The results of the query are stored in the deepset Cloud SQL database. The database is protected, and only a selected number of deepset employees can access it.

Using Hosted Models

You can use models hosted by OpenAI, Hugging Face, Cohere, Azure OpenAI, SageMaker, or Amazon Bedrock in your query pipelines. For a full list, see Using Hosted Models and External Services.
A hosted model is especially useful for large language models requiring substantial infrastructure.

To use a hosted model, you first connect to the model provider using your credentials. The encrypted credentials are securely stored in the database. When you make a query, deepset Cloud sends an HTTP request to the model provider, including your credentials in the request header. If the authorization is successful, the model generates the response and sends it back to deepset Cloud.

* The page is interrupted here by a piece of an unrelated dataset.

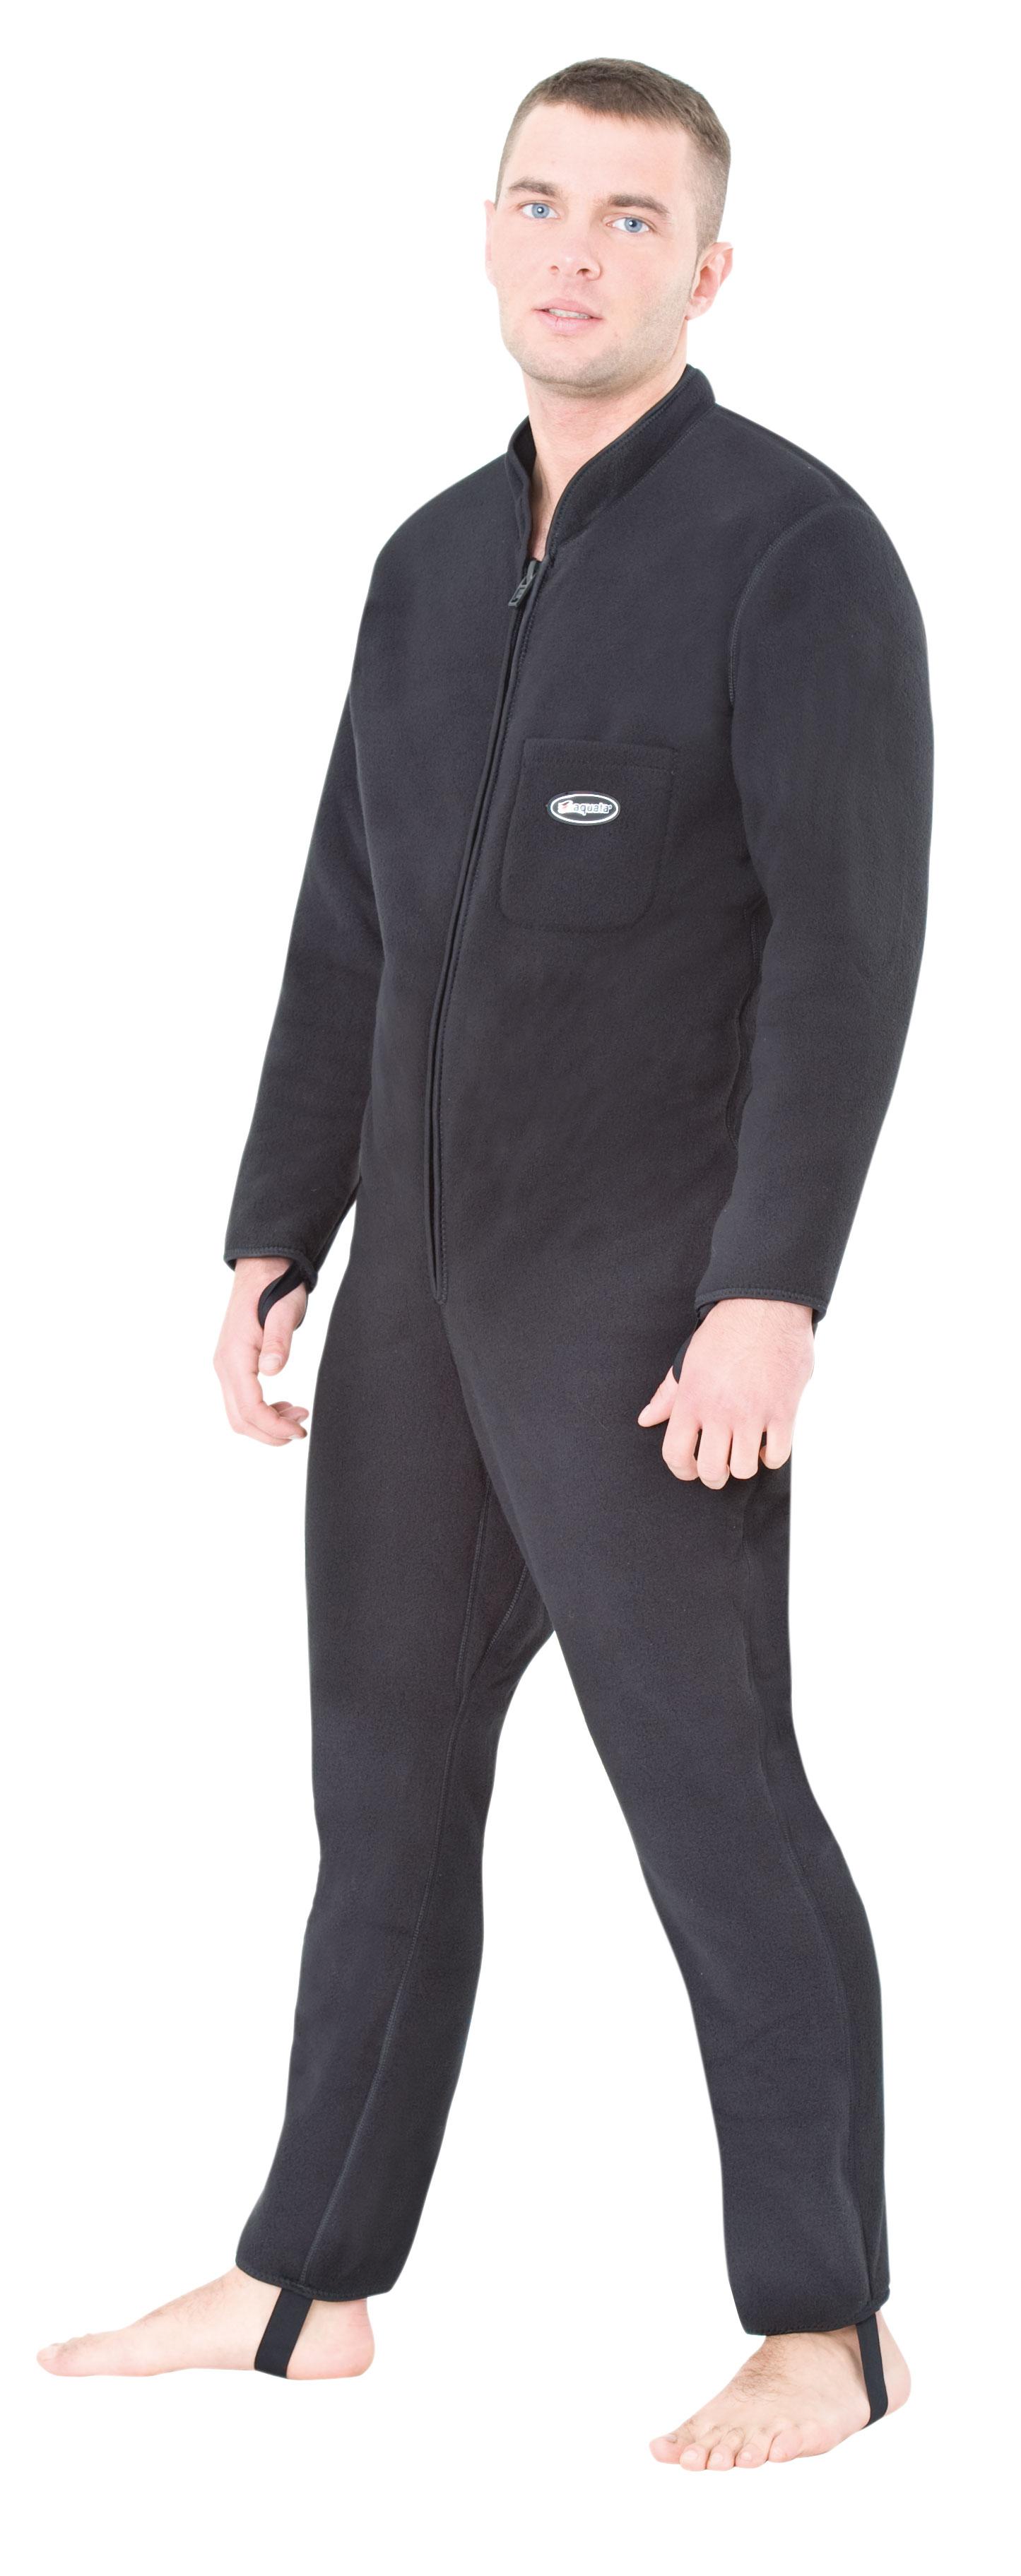 Trockentauchanzug  Unterzieher aus  Fleece     Modell Underall 6

A diagram illustrating the process flow of a search query using deepset Cloud. A query starts from the left, symbolized by a question mark, and enters a component labeled 'deepset Cloud.' It then passes through a 'Query pipeline' where it interacts with the 'DeepsetCloudDocumentStore' and 'OpenSearch' services, depicted with their logos. The process flow shows an HTTP request moving to a 'Model provider,' symbolized by a desktop computer icon, and then an HTTP response (answer) returning back through the pipeline. The result is shown being validated with a green check mark before being presented as 'Search results' to a user icon on the right. The bottom part of the diagram indicates a feedback loop where information is secured in a 'Database,' represented by a padlocked data icon. The overall mood of the diagram is informative and structured, using a blue and grey color scheme to convey a sense of technology and data processing.

Using hosted models at query time

When using a hosted model, remember that your pipeline's stability depends on the model provider. If you disconnect deepset Cloud from a model provider, all pipelines using models hosted by this provider stop working.